Stryker also asserts that Killen's breach of implied warranty claim (Count V) is preempted under Pennsylvania law. Killen responds as she did to the strict liability issue - that the caveats to comment k of §402A prevent manufacturers from avoiding liability for breach of implied warranty when their products are not of merchantable quality nor fit for their intended use.

i. Implied Warranty of Merchantability

To establish a claim for breach of the implied warranty of merchantability, a plaintiff must establish that the "seller was a 'merchant' and that the goods were not 'merchantable' at the time of the sale." M. Leff Radio Parts, Inc. v. Mattel, Inc., 706 F. Supp. 387, 395 (W.D. Pa. 1988) (quotation omitted); See also 13 Pa.C.S. § 2314(b)(3) (merchantable goods must be fit for ordinary purposes for which such goods are used).

In Makripodis v. Merrell-Dow Pharmaceuticals, Inc., 523 A.2d 374, 377 (Pa. Super. 1987), the Pennsylvania Superior Court held that "the very nature of prescription drugs" precludes claims based upon the implied warranty of merchantability. Federal district courts in Pennsylvania courts read Makripodis to preclude claims against medical device manufacturers for breach of implied warranties. See Horsmon, 2011 WL 5509420 , at *3 (agreeing with other courts that Makripodis applies to medical devices and precludes cause of action for implied warranty of merchantability claim); Soufflas, 474 F. Supp.2d at 752 (unavoidably unsafe nature of medical devices excludes implied warranty of merchantability claim); Parkinson, 315 F. Supp.2d at 752-53 (Pennsylvania law prohibits claims for breach of implied warranties of merchantability and fitness for particular purpose for medical devices). Additionally, the court in Horsmon observed that Makripodis determined that the "nature of prescription drugs, not comment k, precludes implied warranty claims." 2011 WL 5509420 at *3.

Recently, in Dougherty, the court agreed "with these courts insofar as they held that comment k precludes implied warranty claims against manufacturers of prescription drugs and devices to the same extent that it precludes strict liability claims against manufacturers." 2012 WL 2940727 at *7. Consistent with the finding in Dougherty, to the extent that Killen's implied warranty claim is based on a failure to warn or design defect, it is not cognizable under Pennsylvania law and must be dismissed.
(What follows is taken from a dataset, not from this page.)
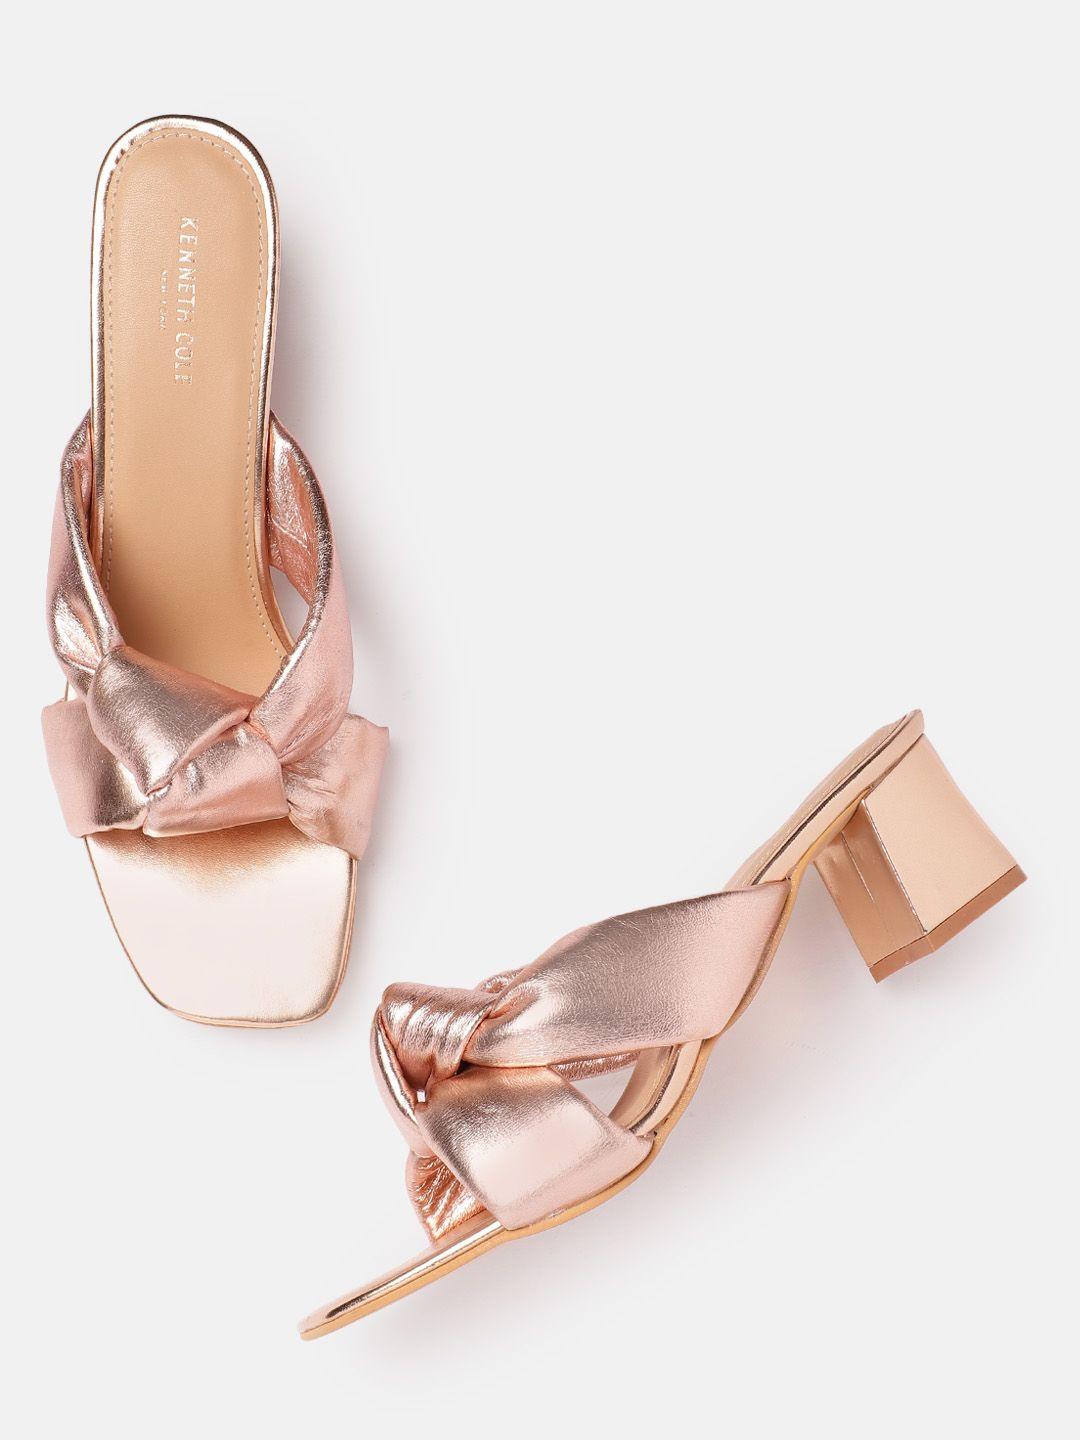 kenneth-cole-knot-detail-block-heels
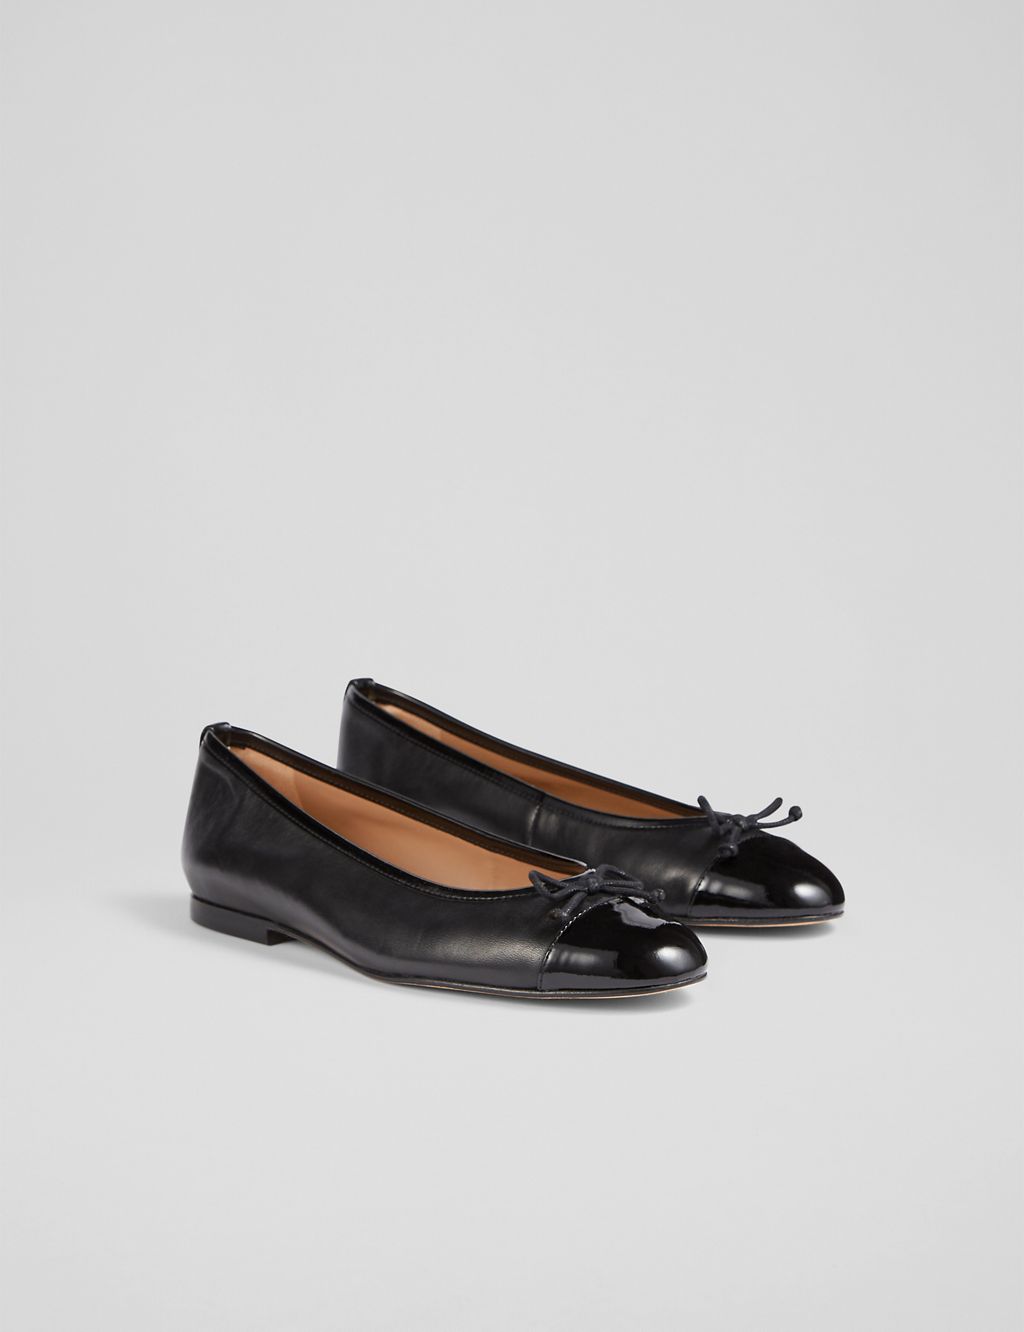 Leather Bow Flat Ballet Pumps 2 of 3

However, because this Court has concluded that Pennsylvania law does not preclude a parallel strict liability claim for a manufacturing defect (to the extent it does not impose requirements that are "different from, or in addition to" the requirements imposed by federal law), it is recommended that at this early stage of the proceedings, the Motion to Dismiss be denied to the extent Plaintiff's breach of implied warranty may be based upon a manufacturing defect which also occurred in the violation of applicable device specific FDA requirements. See, Bass v. Stryker Corp., 669 F.3d 501 (5th Cir. 2012); but see Gross v. Stryker, _ F. Supp.2d _, 2012 WL 876719 *17 (W.D. Pa. 2012) (where Complaint does not indicate that Plaintiff's claim of breach of implied warranty alleges violations of federal regulations, the Court cannot permit claim to proceed where the Court would thereby impose different or additional requirements on a device related to safety and effectiveness). Because Plaintiff has alleged facts supporting a manufacturing defect which also occurred in violation of applicable federal regulations, it is recommended that she be permitted to amend her Complaint to allege additional detailed facts in support of this claim as may be revealed through the course of discovery.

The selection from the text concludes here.